Quem eram? O consenso aponta para um proto-gnosticismo com dois traços entrelaçados. O primeiro é o docetismo (do grego dokeō, "parecer"): para esse grupo, Cristo apenas parecia ter corpo, porque matéria é má e Deus não se sujaria com carne. O segundo é o cerintianismo — Cerinto, contemporâneo de João em Éfeso, ensinava que "o Cristo" celestial desceu sobre o homem Jesus no batismo e o abandonou antes da cruz. Ou seja: quem morreu na cruz teria sido só um homem, não o Filho de Deus. Isso explica um versículo que, sem esse pano de fundo, soa estranho — 1 João 5.6, onde João insiste que Jesus veio não só pela água (o batismo) mas pela água e pelo sangue (a cruz). João está mirando em Cerinto com precisão cirúrgica.
E a ética desses grupos derivava diretamente da doutrina: se a carne é irrelevante, o que se faz com o corpo também é irrelevante. Daí o antinomismo que João combate em 1.6-10 e em 3.4-10. Cristologia errada produz ética errada. Sempre.
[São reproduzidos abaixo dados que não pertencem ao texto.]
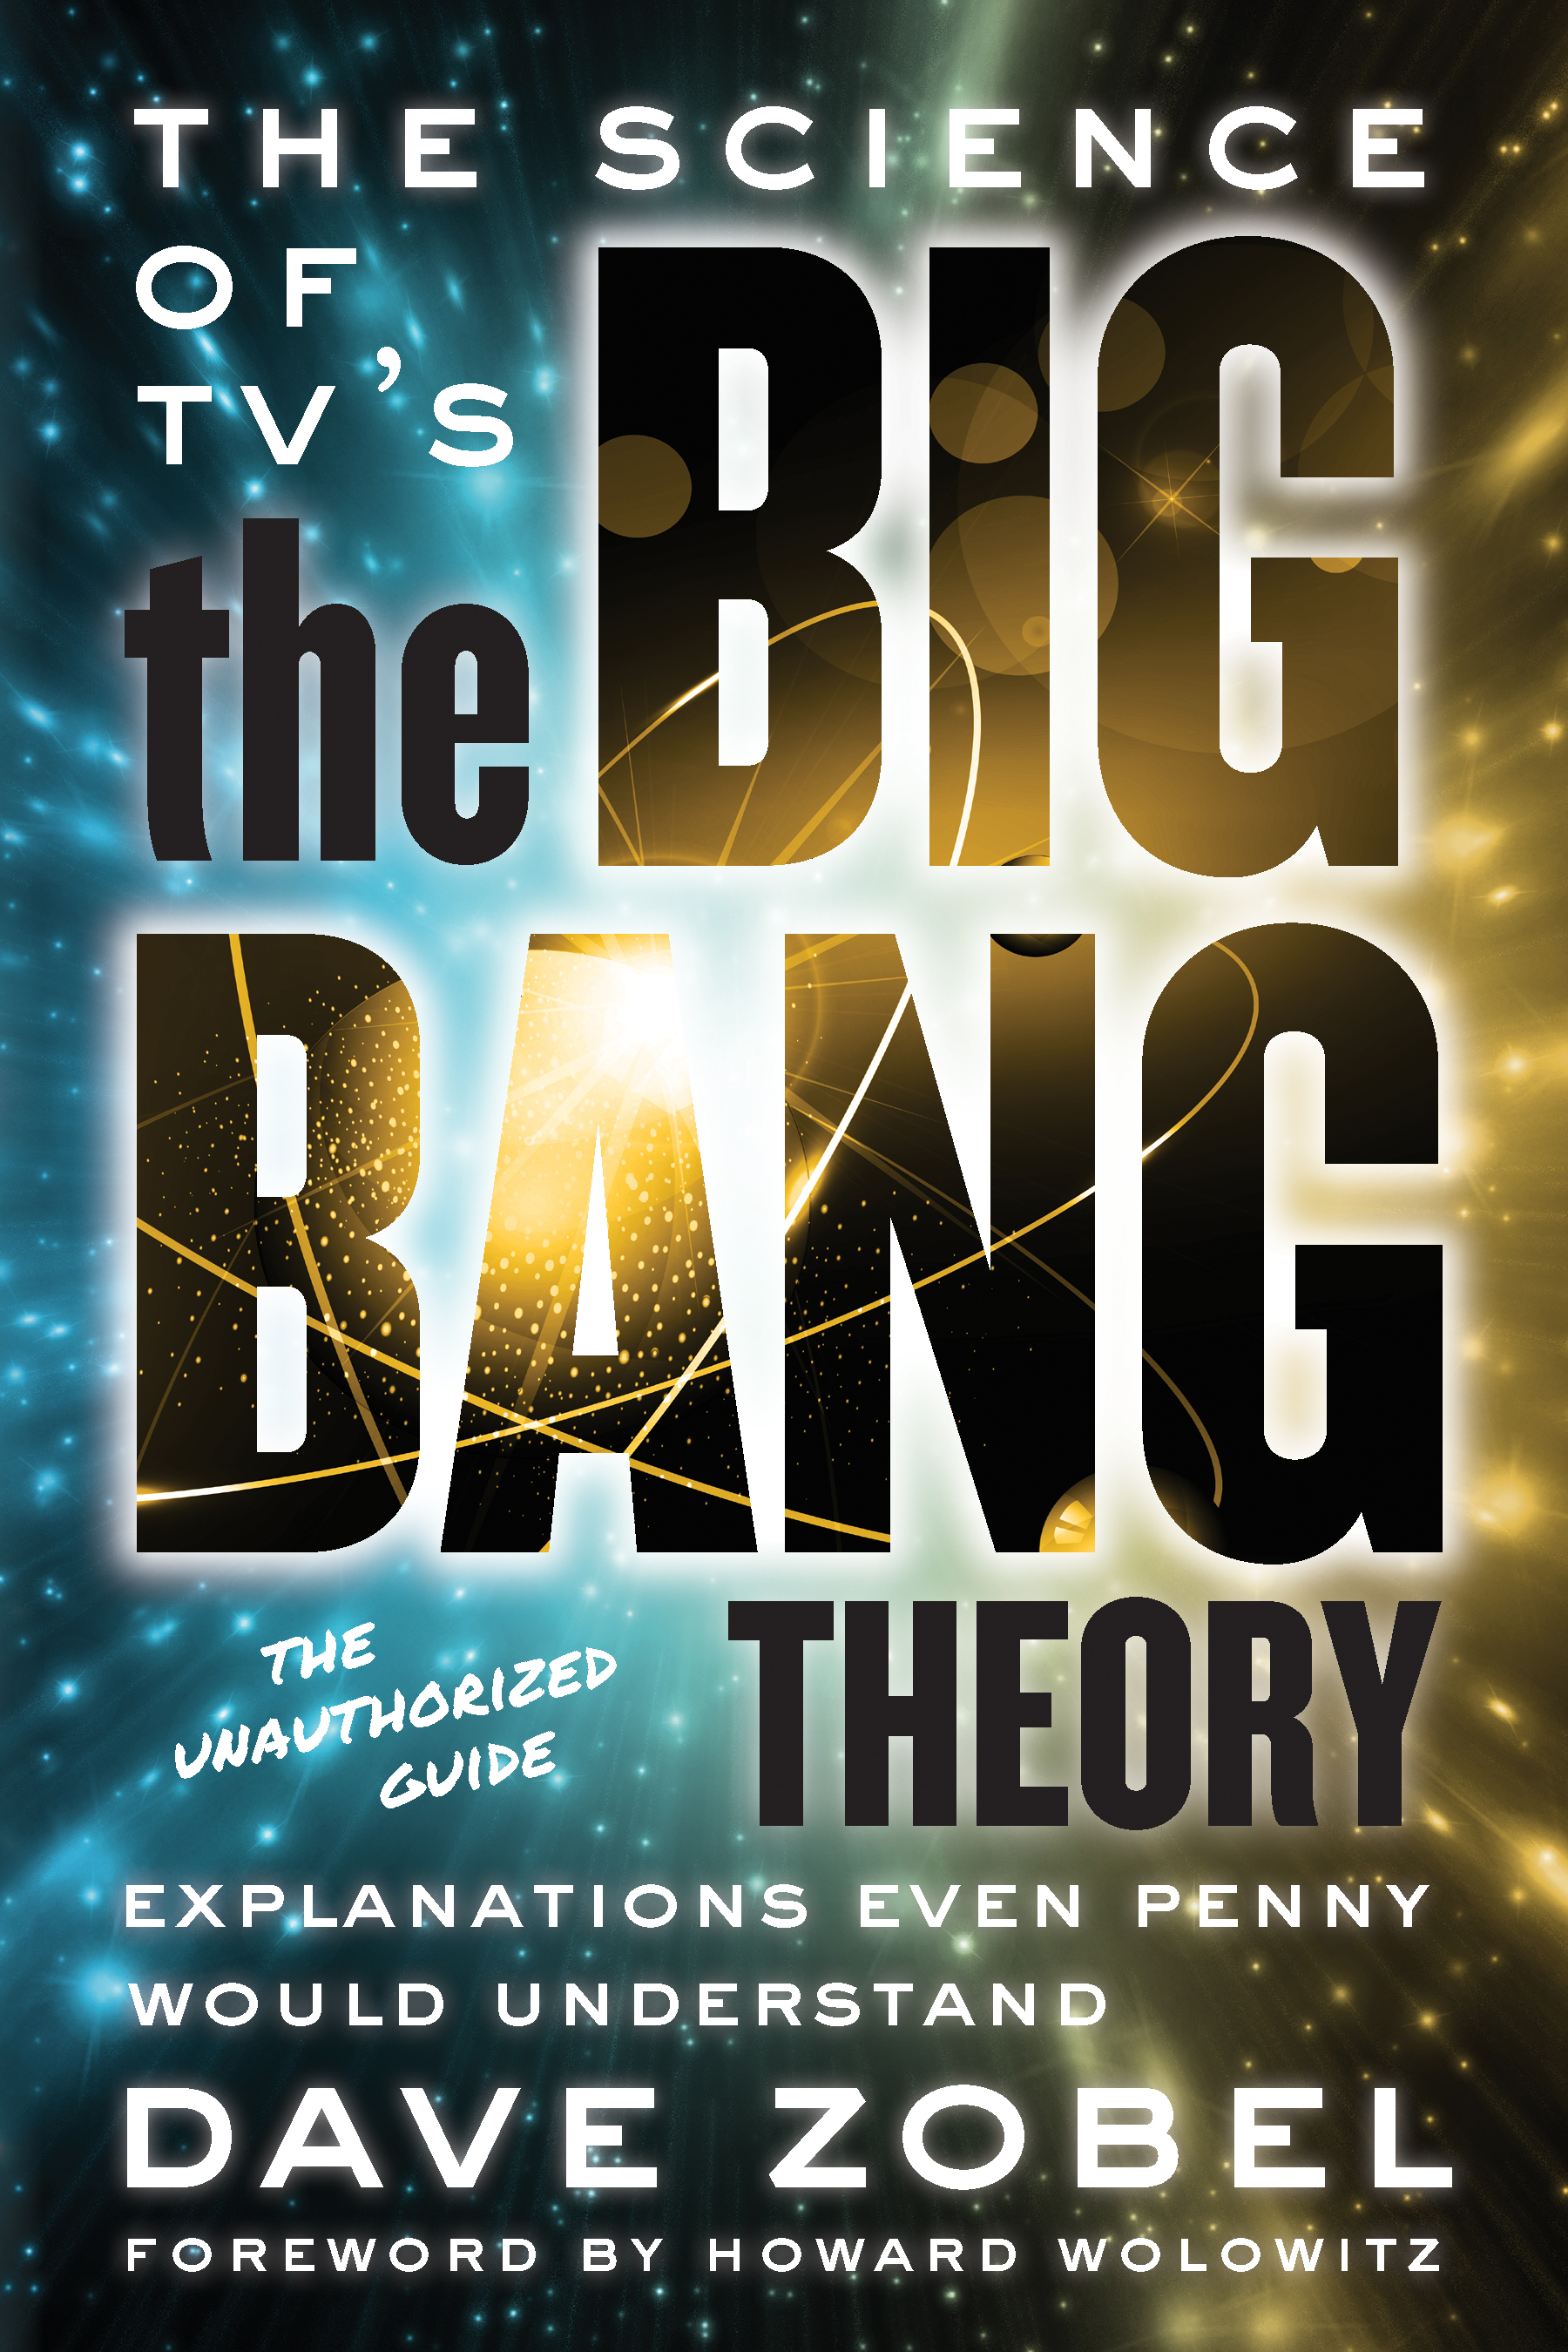 The Science of TV's 'The Big Bang Theory': Explanations Even Penny Would Understand
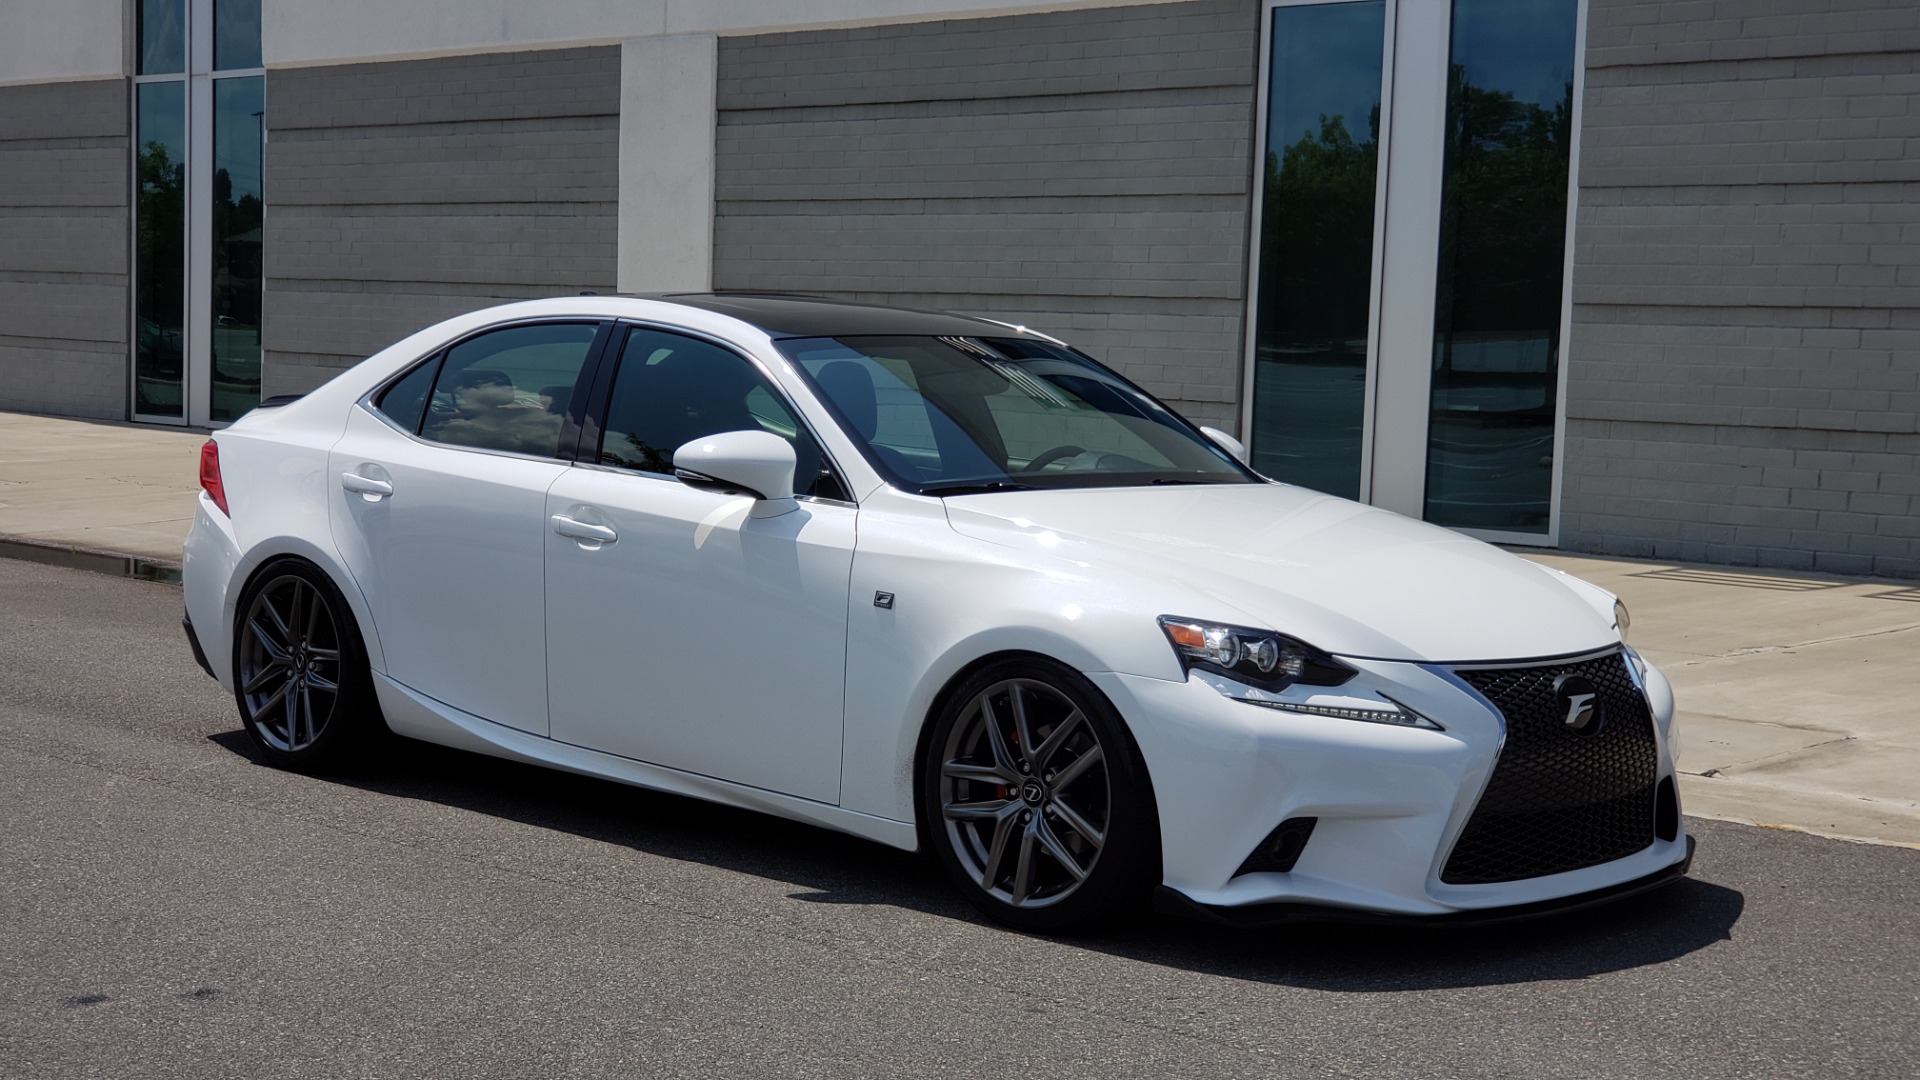 Used 2014 Lexus IS 250 F-SPORT SEDAN / BLIND SPOT MONITOR / REARVIEW / 18IN WHEELS for sale Sold at Formula Imports in Charlotte NC 28227 8

“Saíram dentre nós, mas não eram de nós; porque, se fossem de nós, teriam permanecido conosco; mas isto é para que se manifestasse que não são todos de nós.”
O propósito
É raro um autor bíblico ser tão gentil conosco a ponto de declarar, três vezes, exatamente por que está escrevendo. Em 1.4, para que a alegria seja completa. Em 2.1, para que não pequeis. Em 5.13, para que saibais que tendes a vida eterna.
A carta não foi escrita para gerar dúvida. Foi escrita para gerar certeza. E isso precisa ser dito com todas as letras, porque o uso mais comum de 1 João no púlpito brasileiro é exatamente o oposto: transformar os "testes" da carta num chicote de introspecção. João escreve a pessoas abaladas por um cisma, gente que estava se perguntando: e se os que saíram estiverem certos? e se eu não for salvo de verdade? A carta é remédio para a insegurança, não a causa dela.
“E estas coisas vos escrevemos, para que o vosso gozo seja completo... Estas coisas vos escrevi, a vós que credes no nome do Filho de Deus, para que saibais que tendes a vida eterna.”
O gênero: uma homilia circular
1 João não é, tecnicamente, uma carta. Não tem remetente, destinatário, saudação nem despedida. É mais parecido com um sermão pastoral encíclico — uma homilia circular, feita para ser lida em voz alta em várias congregações. Isso muda como você deve lê-la: não procure um argumento linear de A a B, como em Romanos. João espirala. Ele volta aos mesmos temas em círculos ascendentes, como um pregador que retoma o mesmo ponto por outro ângulo cada vez que fala.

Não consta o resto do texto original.